スピード違反のなかでも捕まりやすい速度域がある
警察庁は2026年2月、「令和7年(2025年)中の交通違反の取り締まり状況」に関するデータを発表した。それによると、二輪車・四輪車を問わず、2025年1年間における道路交通法違反の取り締まり件数は、全体で493万2459件。そのなかでスピード違反は86万5691件と、1位の「一時不停止(113万6083件)」に次ぐ第2位となっている。さらに、令和6年(2024年)の84万6943件よりも増加しており、依然として高い水準にある。
また警察庁では、超過速度別の検挙件数も以下のように公表している。
【超過速度別の検挙件数(2025年中)】
・50km/h以上:1万1618件
・30km/h以上50km/h未満:11万2156件
・25km/h以上30km/h未満:19万3728件
・20km/h以上25km/h未満:27万6101件
・15km/h以上20km/h未満:27万2049件
・15km/h未満:39件
上記を見ると「15km/h以上20km/h未満」「20km/h以上25km/h未満」の速度超過がいずれも27万件を超えている。これらの速度域が、スピード違反のなかでも検挙されやすい傾向にあることが分かる。

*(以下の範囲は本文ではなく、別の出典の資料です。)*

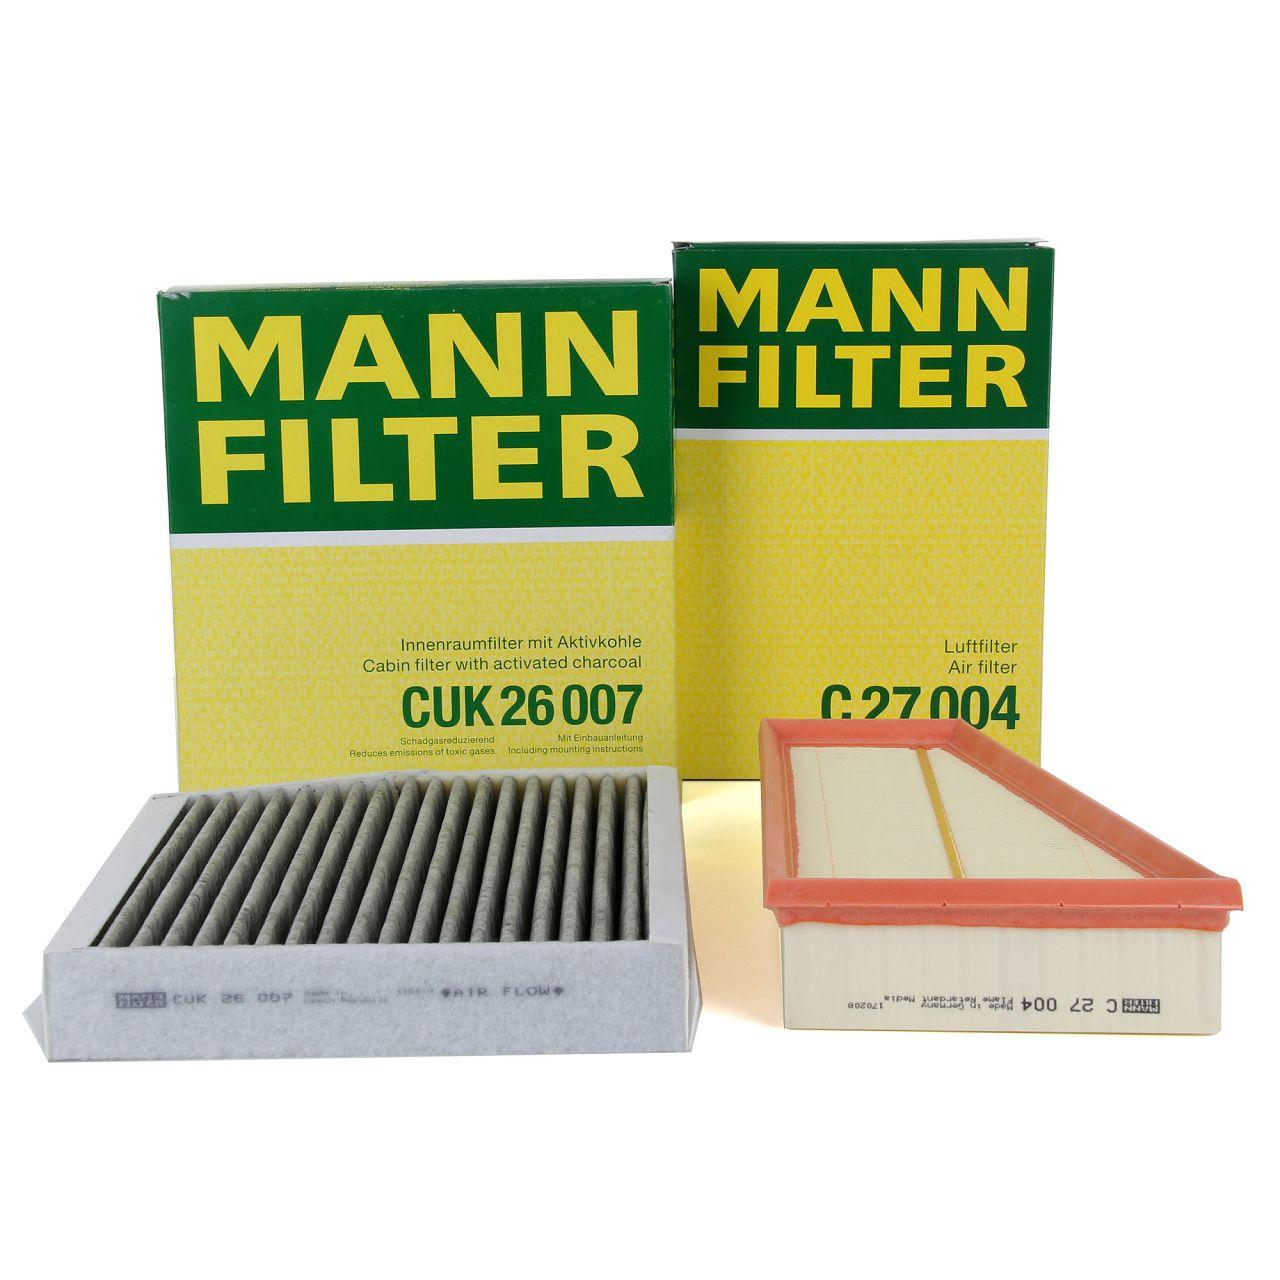 MANN Filterset für MERCEDES W176 W246 W242 C117 X117 X156 160-250 102-218 PS

バイクの場合、スピード違反で捕まるとどんな罰則がある?
基本的に、公道における最高速度は、一般道路の場合60km/h(原付は30km/h)、高速道路は100km/hなのはご存じの通り。ただし、一般道では、国道などの幹線道路を除けば50km/h以下に制限されていることも多いので注意したい。また、高速道路でも、一部で120km/hの区間がある一方、80km/hや70km/hなど、100km/h以下に制限されている場所もあるため、こちらも十分に気をつけたい。

ちなみに、速度超過の罰則は以下の通りだ。
【スピード違反の罰則(バイクの場合)】
・超過速度15km/h未満→反則金:二輪車7000円・原付6000円/反則点数1点
・超過速度15km/h以上20km/h未満→反則金:二輪車9000円・原付7000円/反則点数1点
・超過速度20km/h以上25km/h未満→反則金:二輪車1万2000円・原付1万円/反則点数2点
・超過速度25km/h以上30km/h未満→反則金:二輪車1万5000円・原付1万2000円/反則点数3点
・超過速度30km/h以上(一般道)→二輪車・原付共に赤キップ(刑事罰の対象)/反則点数 50km/h未満6点・50km/h以上12点
・超過速度30km/h以上35km/h未満(高速道路・二輪車の場合)→反則金2万円/反則点数3点
・超過速度35km/h以上40km/h未満(高速道路・二輪車の場合)→反則金3万円/反則点数3点
・超過速度40km以上(高速道路・二輪車の場合)→赤キップ(刑事罰の対象)/反則点数 50km/h未満6点・50km/h以上12点
なお、2025年の検挙件数1位である「一時不停止」の場合、たとえば「止まれ」の標識や停止線の手前で停止しなかった「指定場所一時不停止等違反」の罰則は以下の通りである。
【指定場所一時不停止等違反の罰則(バイクの場合)】
反則点数:2点
反則金:二輪車6000円、原付5000円
これと比較すると、スピード違反は罰則の幅が広く、より重くなる傾向があるといえる。

一発免停や取り消しの対象になる場合も!
とくに、一般道で30kmオーバー、高速道路で40kmオーバーで検挙されると「赤キップ」を切られ、刑事罰の対象だ。いわゆる交通反則通告制度(青キップ)は適用されず、「5年以下の拘禁刑または100万円以下の罰金」が科される可能性がある。通常は、簡易裁判所での略式裁判により罰金(または懲役)が決定し、罰金(一般的に6万円〜10万円程度といわれる)を支払うことで刑事手続きは終わるが、前科がつくことになる。
さらに、刑事処分とは別に、公安委員会による行政処分も科される。赤キップとなる違反は基本的に6点以上となるため、一発で免許停止、もしくは免許取り消しの対象となる。
たとえば前歴がない場合でも、過去3年間の累積違反点数に応じて、免許停止期間は以下のように定められている。
【違反点数による免許停止の期間】
・6~8点:30日間免停
・9~11点:60日間免停
・12~14点:90日間免停
なお、15点以上は、さらに重い「免許取り消し」処分が科せられる(点数により取り消し年数は変わる)。

このように、スピード違反は極めて重い処分につながる違反だ。また、場合によっては命に関わる重大事故を引き起こす危険な行為でもある。くれぐれも速度の出し過ぎには注意したい。